Bottom line: creating a dimensional model should be your first order of priority. If you can’t manage that in the source database, data warehouse or data mart; craft the fact and dimension tables in Power Query – and follow other best practices that will support extensibility (see this series of posts). If the Power BI solution is mission critical and needs to be futureproof, plan to optimize the design in a later project phase and move to a more scalable approach as needed.
The Dimensional Dilemma
Let’s try a quick test (I didn’t practice this, by the way). I’ll do a quick Google search:
The resulting top video results are:
A two & half hour course from Pragmatic Works on dimensional modeling, Two YouTube videos about star schema model design, A Guy In A Cube video from Patrick LeBlanc titled “Data modeling best practices – Part 1” where he introduces dimensional concepts
The page link results are similar and include an EnterpriseDNA course, a Udemy course and a link to my blog post titled “Doing Power BI the Right Way: 5. Data Modeling Essentials”

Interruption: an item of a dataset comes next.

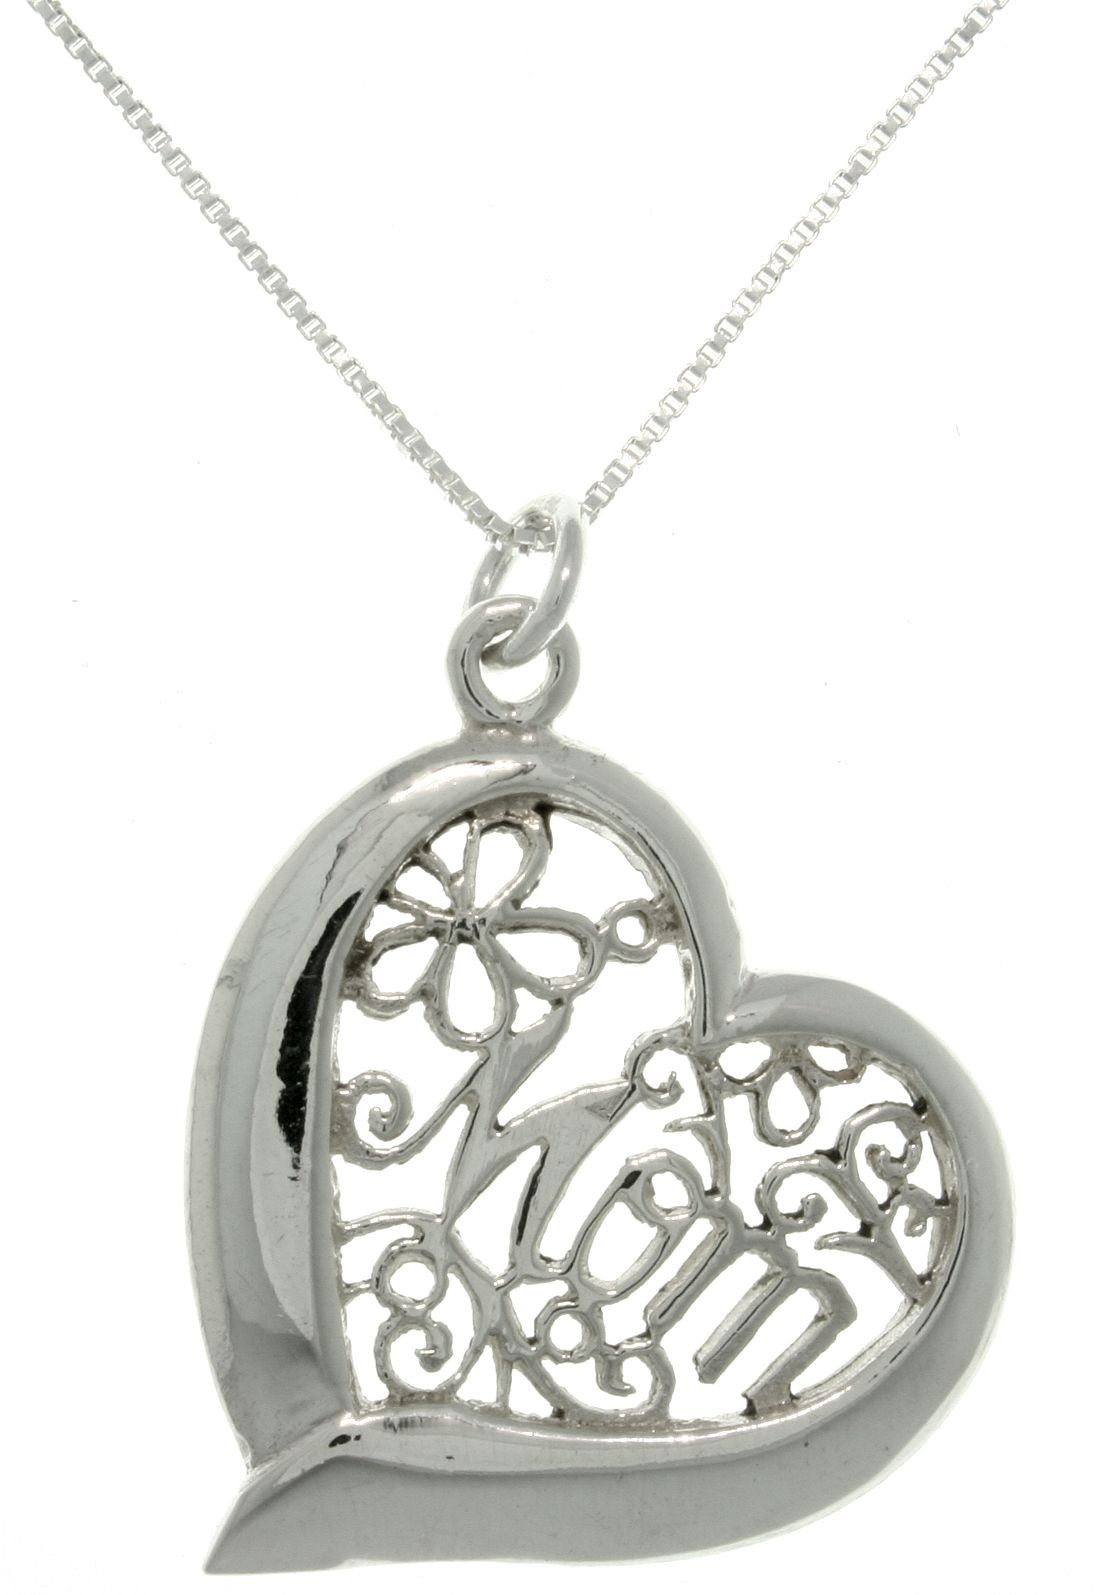 Jewelry Trends Sterling Silver Mom Heart Pendant on 18 Inch Box Chain Necklace Mothers Day Gift
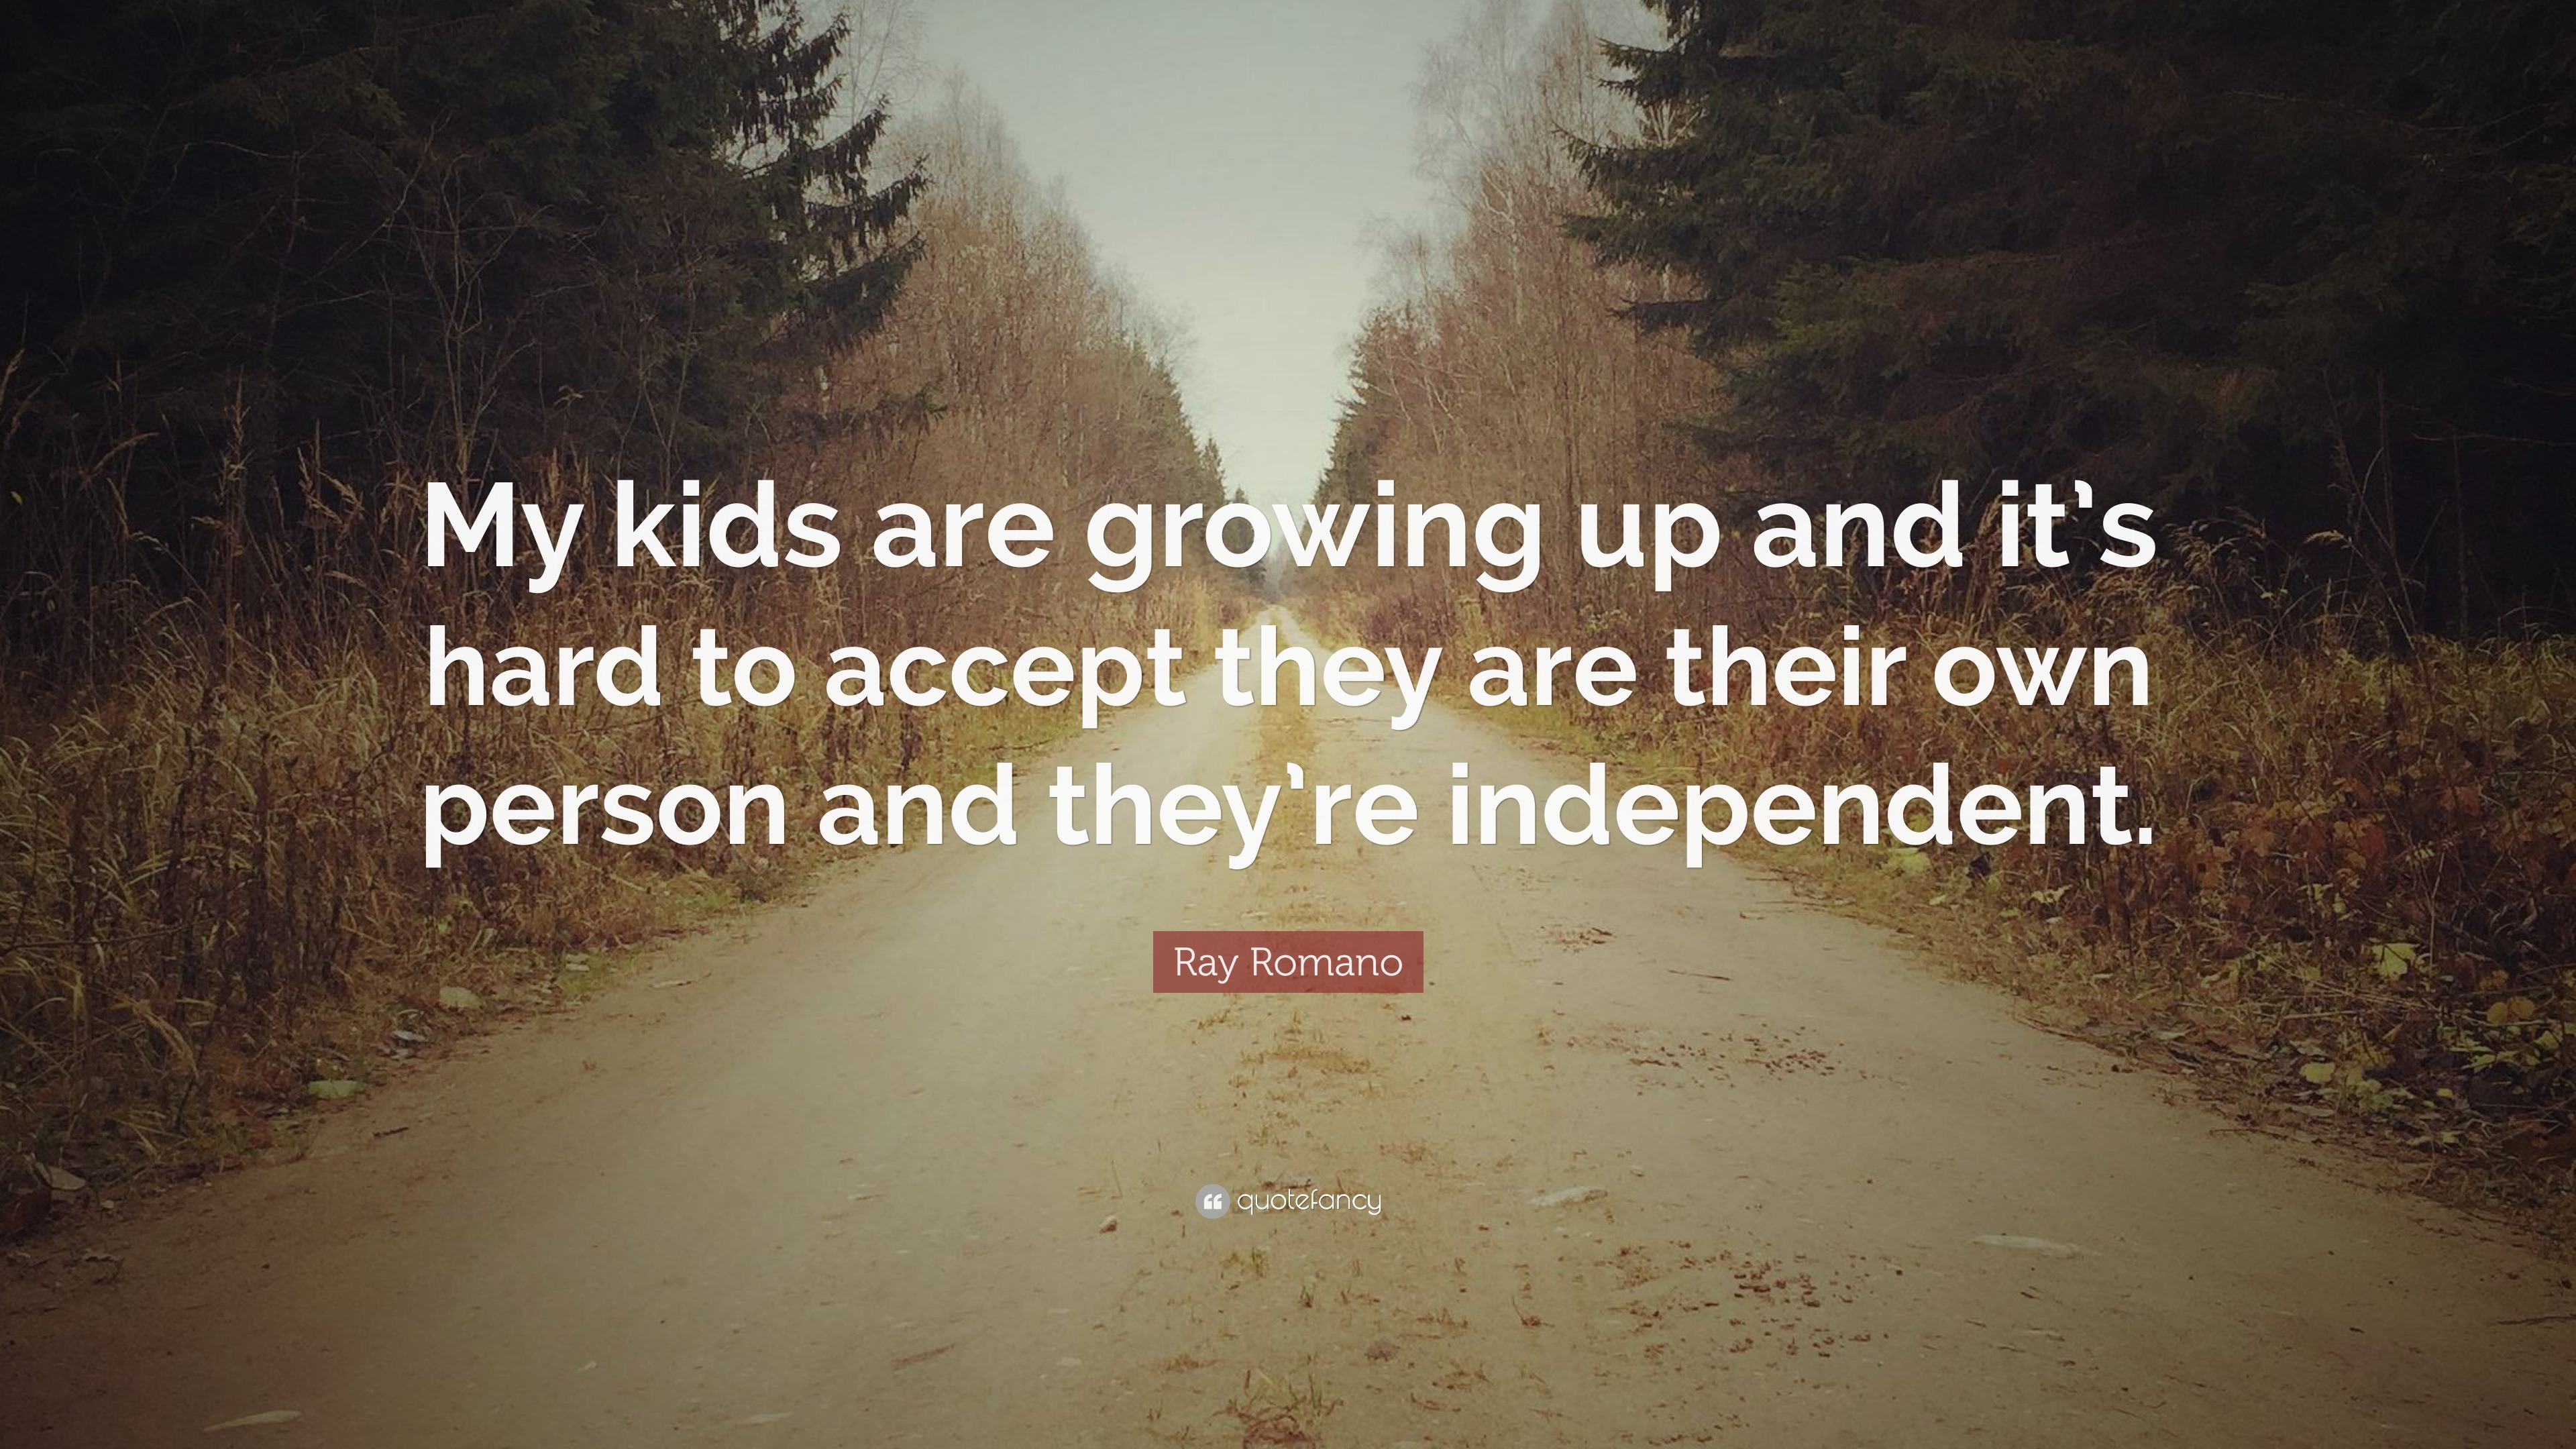 Ray Romano Quote “My kids are growing up and it's hard to accept ...

Point made: Power BI needs a star schema.
5 thoughts on “Power BI and the Dimensional Dilemma”
Very nice blog
Enhance and explore your skills, also prepare for the Power BI interview questions and answers that will help to give a confidant to face the interview.
What I’d like to see is Power BI bloggers advocating and demonstrating the use of the star schema approach without relying on Adventure Works or similarly “ordinary” data to do so. Organisations with the common and basic data model that involves Customers, Products, Sales, Invoices leading to the usual measures of “Revenue”, “Profit”, “Profit %”, “CoGs” etc are ‘easy’ to star schema. I want to see less ordinary organisations’ data being manipulated and analysed. I want to learn but I need other examples to be led by!
I believe in this advice if row level security isn’t a consideration and have applied it at previous jobs. We use SAP HANA in directquery mode since HANA is where we house all our RLS rules. I get that PBI has RLS as well, but it is cumbersome to maintain in my experience, and we don’t want to maintain it in two places. We do have some date, material, vendor, region etc dim tables we bring in when needed, but most the time we make a decent size fact table that the report authors use to build their reports.
I agree that compared to flat tables star schemas are a better option in 99% of the cases. But in many of the models me and my teams put to production throughout the years we’ve chosen a key table model rather than a traditional star schema. Downsides with key table model is performance (you get ~2x cardinality compared to star schema model) but the advantages are huge (my favorite is that you can be flexible on what’s dimensions and facts which is a great feature in e.g. a self-service model where users sometimes are interested in “avg purchase amount for customer age >30” but sometimes instead interested in “avg customer age for purchase amounts >1000”).
Sisense has a fair article on this, but it doesn’t cover everything since there are many interesting variants you can do in a key table model. Would love to hear our experience on this!